Two population-based studies conducted by CDC in selected U.S.
locations reported ASD prevalence of 3.4 and 6.7 per 1,000 children,
respectively (1,2). CDC also conducts two nationally
representative surveys, the National Health Interview Survey (NHIS) and
the National Survey of Children's Health (NSCH), in which parents are
asked whether their child ever received a diagnosis of autism. Because
of similarities in methodology used by the two surveys, CDC analyzed
2003--2004 data from NHIS and data from the first-ever NSCH (collected
during January 2003--July 2004) to 1) estimate the population-based
prevalence of parental report of diagnosed autism in the United States
and 2) assess parental reporting of child social, emotional, and
behavioral strengths and difficulties and special-health care needs
among children with and without reported autism. This report describes
the results of that analysis, which indicated that the prevalence of
parent-reported diagnosis of autism was 5.7 per 1,000 children in NHIS
and 5.5 per 1,000 children in NSCH. Prevalence estimates in the two
studies were similar across age, sex, and racial/ethnic populations.
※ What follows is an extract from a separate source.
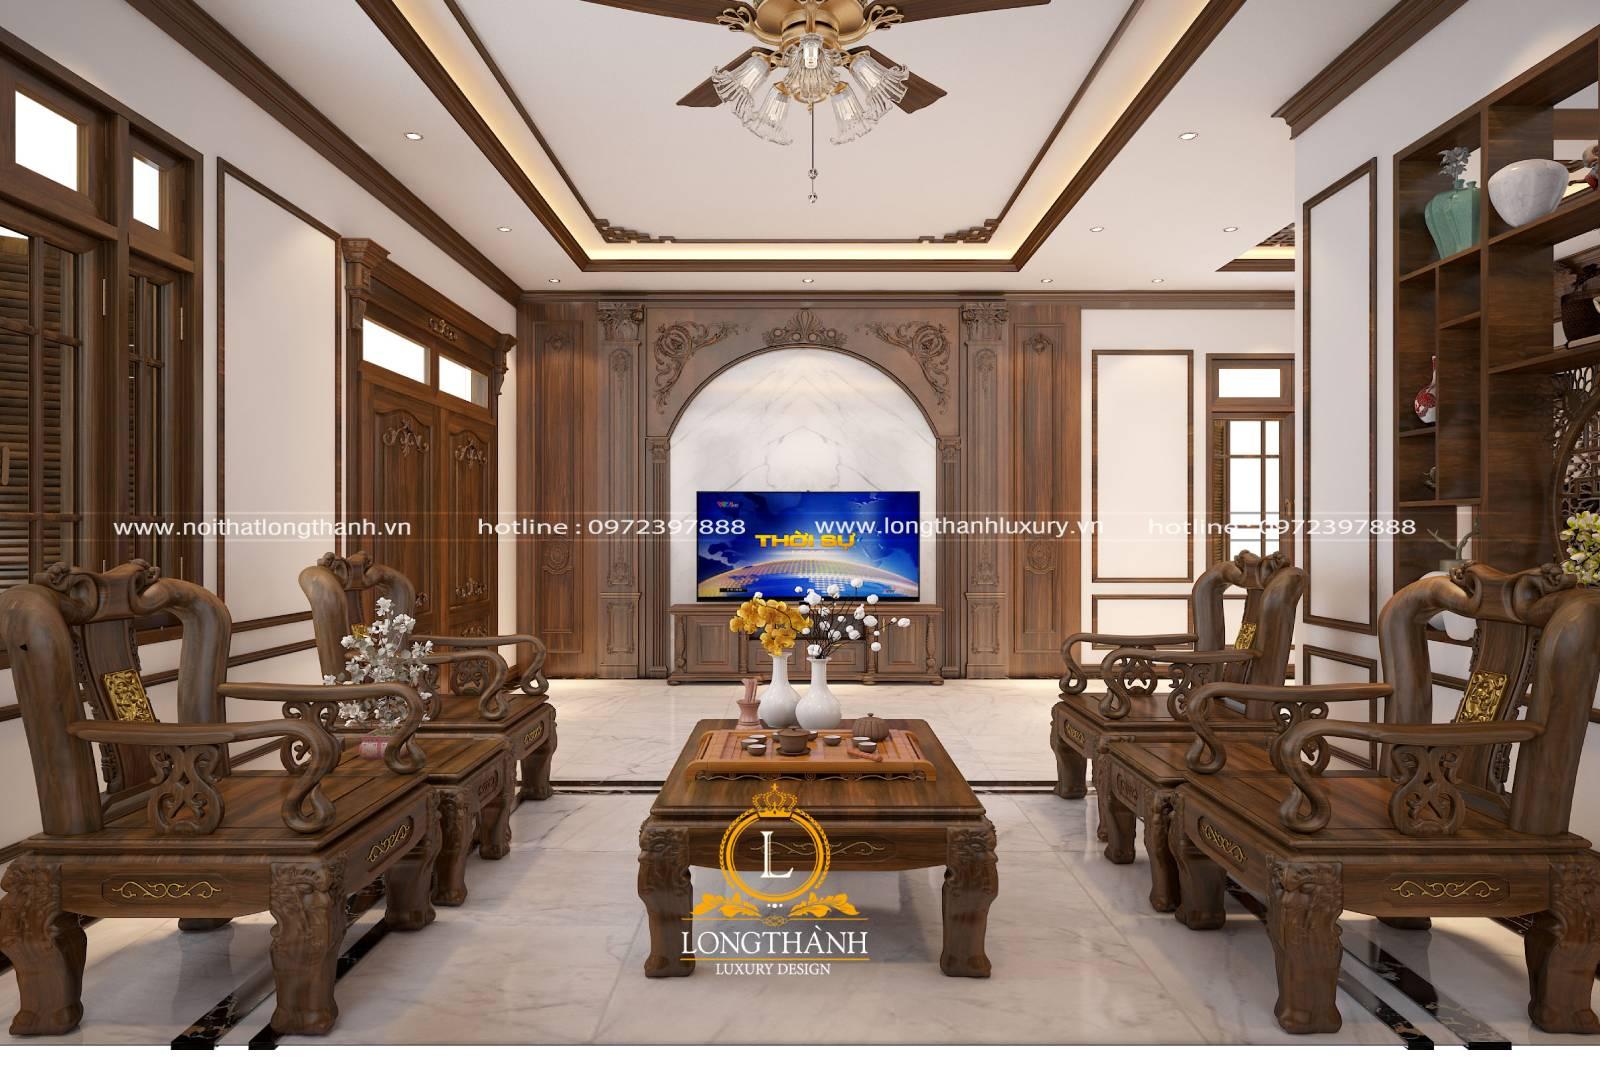 Sofa phòng khách cổ điển với chất liệu gỗ cao cấp

The consistency in estimates between the two surveys suggests high
reliability for parental report of autism. These estimates suggest
that, as of 2003--2004, autism had been diagnosed in at least 300,000
U.S. children aged 4--17 years. In addition, parental reports of autism
were associated with reported social, emotional, and behavioral
symptoms and specialized needs. Thus, these surveys might be useful to
assess health, education, and social service needs of children with
autism.
NHIS is an ongoing, annual, in-person survey of the
civilian, noninstitutionalized U.S. population, based on a multistage
sampling of housing units. NHIS includes a child survey component in
which one child aged <17 years is selected randomly as the
interview subject from each applicable household. Responses to
questions about the child are obtained from parents or other
knowledgeable adults. For this report, the analysis was based on 24,673
children from the combined NHIS surveys of 2003 and 2004, the most
recent reporting years and a period comparable to that of the first
NSCH interviews. Response rates for the child survey component of NHIS
for 2003 and 2004 were 81.1% and 79.4%, respectively.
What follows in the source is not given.